* _YOUR ASSIGNMENT_: Only the pictures should be left out; repeat the rest of the data exactly.

* _DATA EXTRACT_:
········
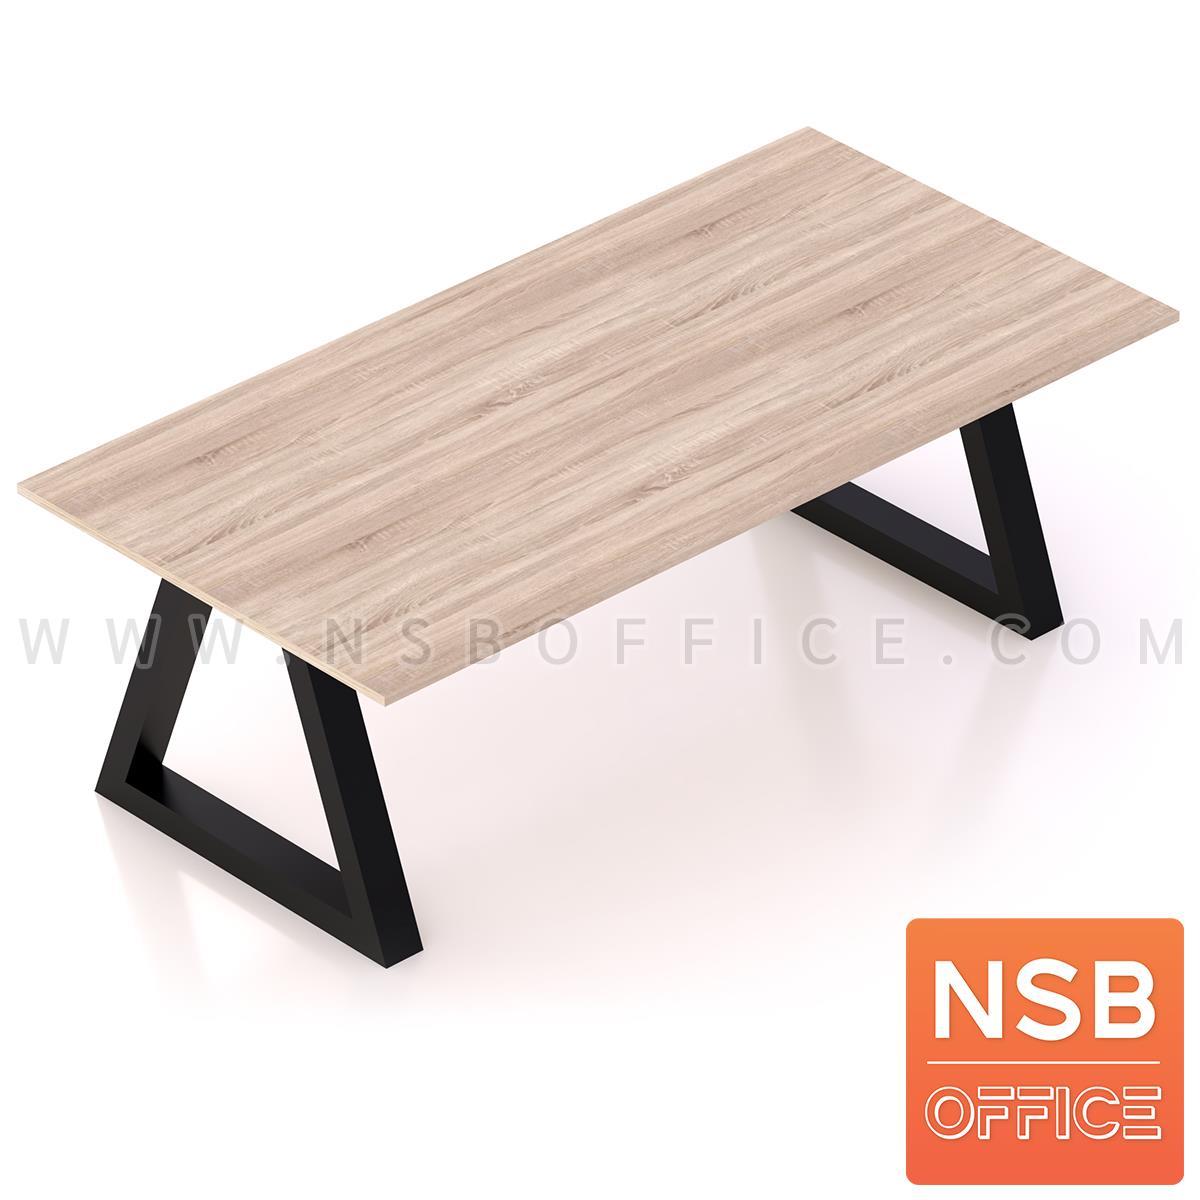 A05A188:โต๊ะประชุมทรงสี่เหลี่ยม รุ่น  Harington (แฮริงตัน) ขนาด 240W cm. ขาทรงสามเหลี่ยม
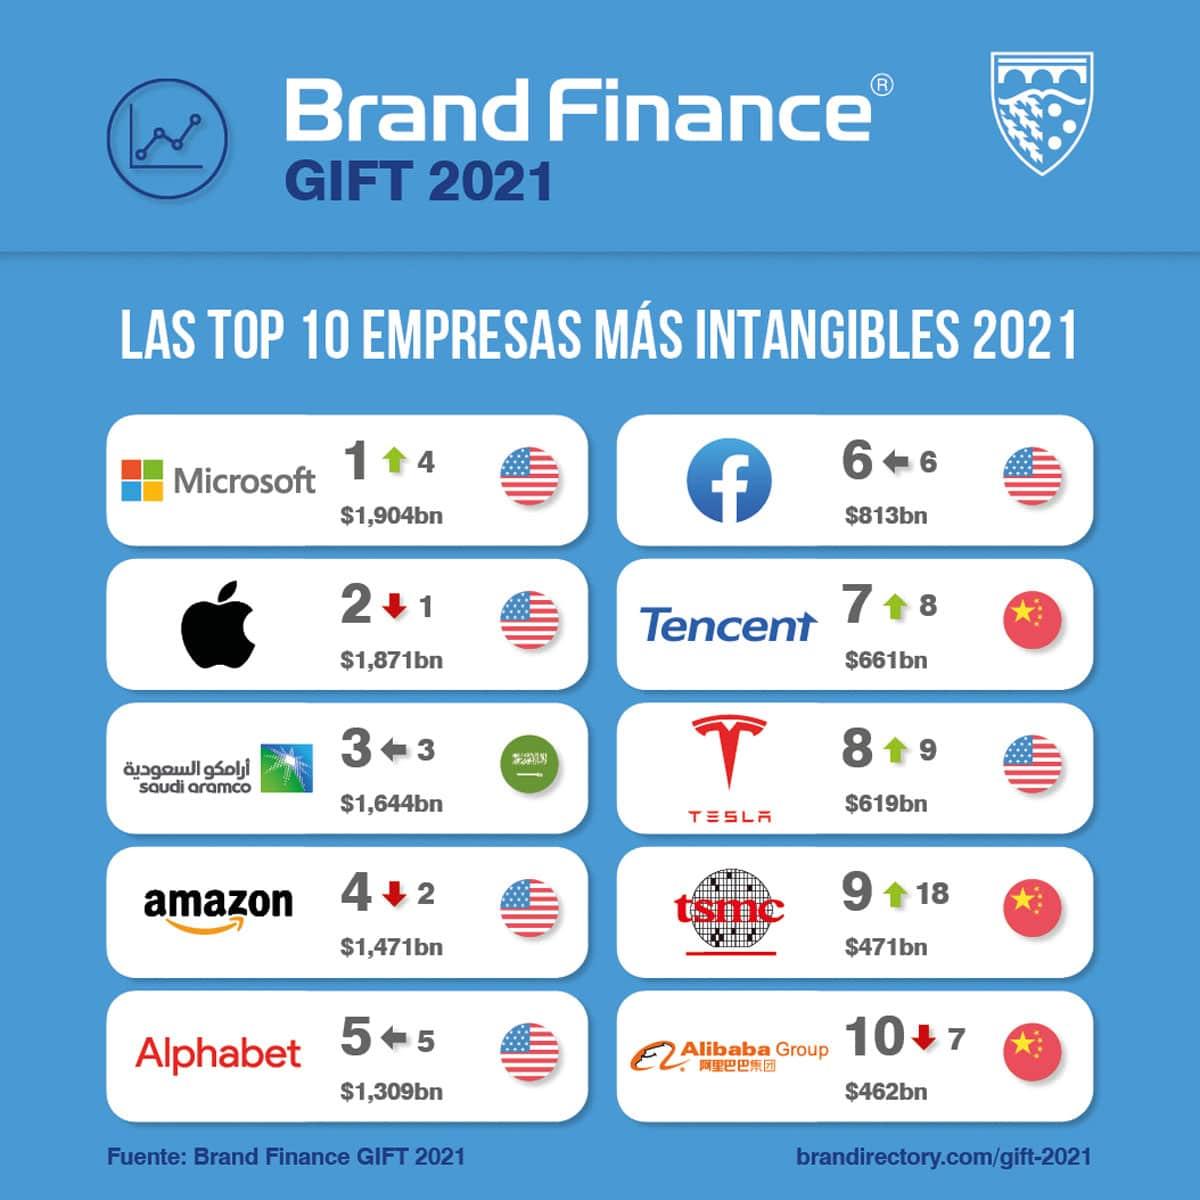 las empresas con más valor intangible
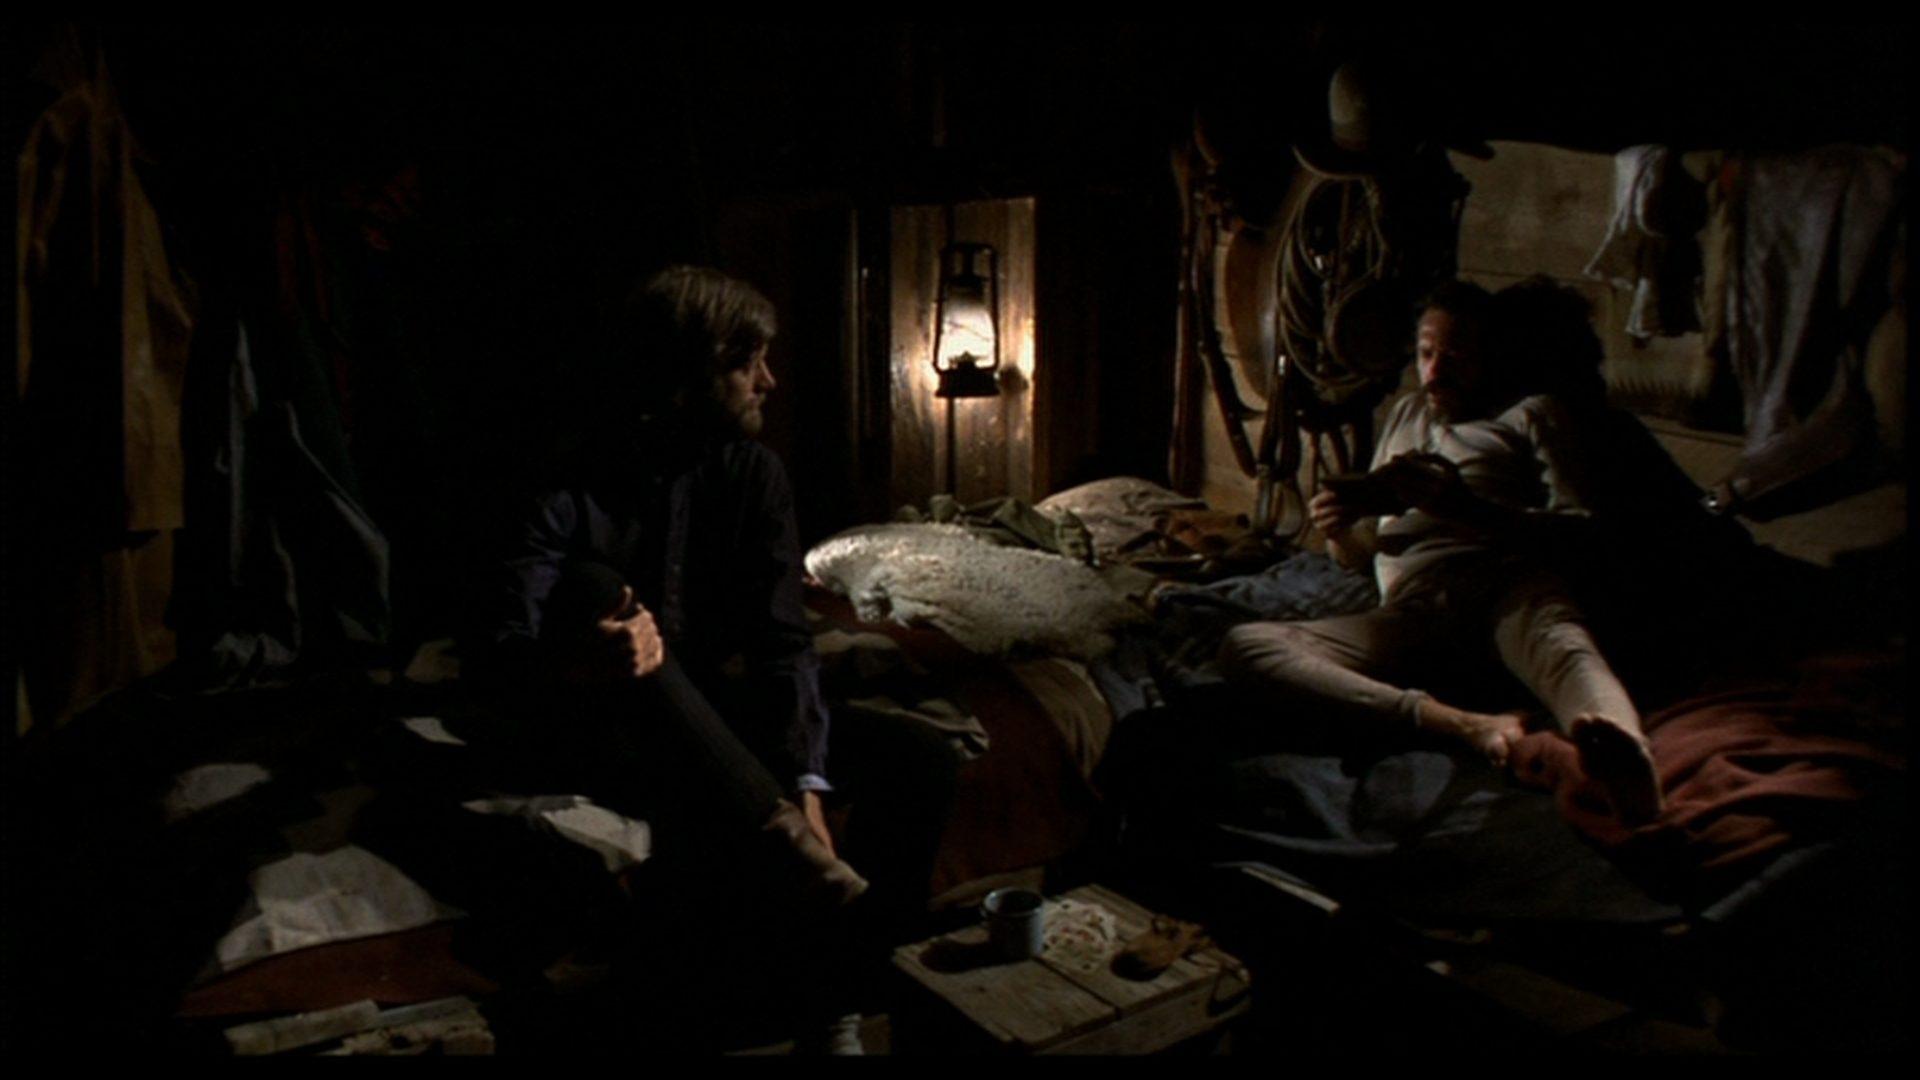 Harry Collings und Arch Harris gehen in einer spärlich erleuchteten Hütte zu Bett.
········
* _SOLUTION FOR THIS EXERCISE_:
 A05A188:โต๊ะประชุมทรงสี่เหลี่ยม รุ่น  Harington (แฮริงตัน) ขนาด 240W cm. ขาทรงสามเหลี่ยม
 las empresas con más valor intangible
 Harry Collings und Arch Harris gehen in einer spärlich erleuchteten Hütte zu Bett.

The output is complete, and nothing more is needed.